Renters in for a hell of a time in coming months and years

Feb 14th, 2018 | By | Category: Front Page Layout, Latest News, News

The Salvation Army report spells bad news for wages and rents.

There is “not a hope in Hades” of tenants affording recent rent rises, a Citizen’s Advice Bureau spokesperson says.

Meanwhile, the Salvation Army is warning of more homeless people in the next two years due to the plight of renters.

Citizen’s Advice Bureau Wellington city manager Audrey Fell-Smith says many tenants are facing landlords declining to renew leases, selling the properties, or dramatic rent rises.

“I suspect, come the end of this month when all the students are back, that we’re going to have people just sleeping on the streets, in people’s garages again, couch surfing.

“I actually dread to think how things are going to be in two weeks’ time.”

The Salvation Army’s annual State of the Nation report says there are slim-pickings in the housing market, unless you are a property investor.

Report author Alan Johnson says the immediate rental outlook is not good.

“It seems likely that rents will rise further and homelessness will increase at least over the next one to two years.”

Wages are also struggling to keep pace with rents.
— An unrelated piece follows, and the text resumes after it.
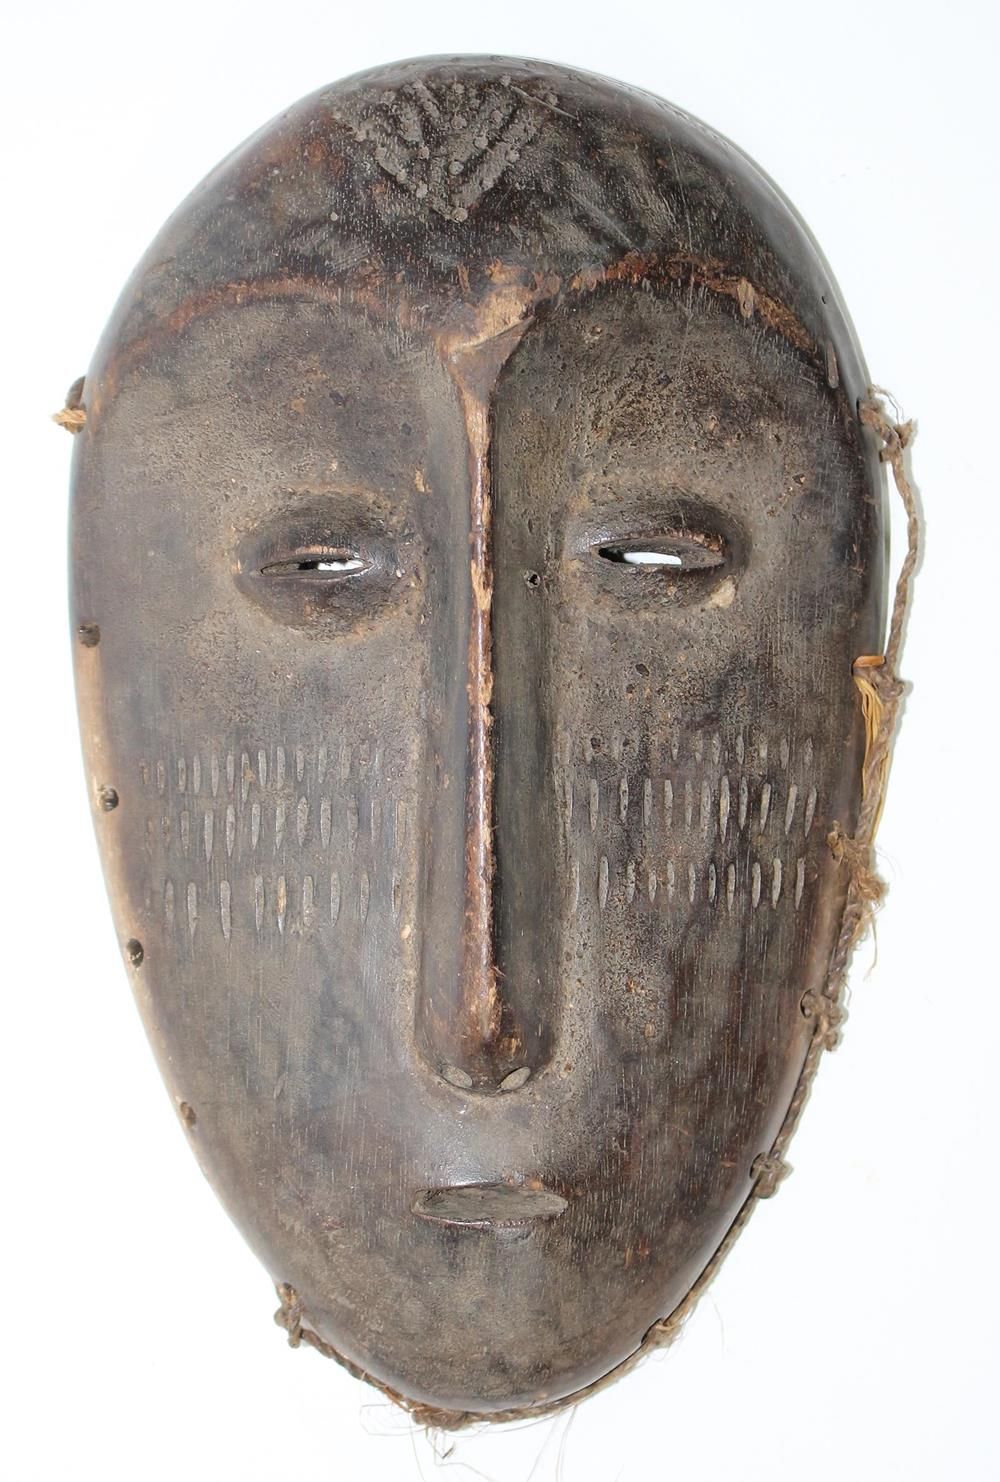 Lega Maske Old mask with stegmase. Tattoos on forehead u. Cheeks. Lenticular, ra&hellip;

New Zealanders had to work 13 hours at the average hourly wage to pay the average rent during 2017.

This was steady from 2016, and contrasts with a 2015 figure of 12.4 hours and 11.9 from 2012.

Rents across New Zealand have risen by 15% to 20% between 2013 and 2017.

Meanwhile, average weekly incomes rose by just 10%, in nominal terms, the report says.

New Zealand’s economy grew by around 2.7% as of September 2017, but wage growth is missing out.

The average weekly wage reached $1012 in December 2017, just 1% higher than a year before, when adjusted for inflation.

The report reflects the issues many people are having with wages and rents.

One renter spoken to by NewsWire has found it difficult moving flats during this high demand period.

“I think it’s been really bad luck that we’ve had to all relocate at a peak time,” says the man, who declined to be named.

He says someone he knew was asked on a tenancy application form to show how much extra in rent they were willing to pay.

“I’m not sure if this is legal but I definitely think someone should look into common people being exploited like that.”

A spokesperson for Wellington Central MP Grant Robertson says over 100 people have been in touch about rental difficulties over the last few months.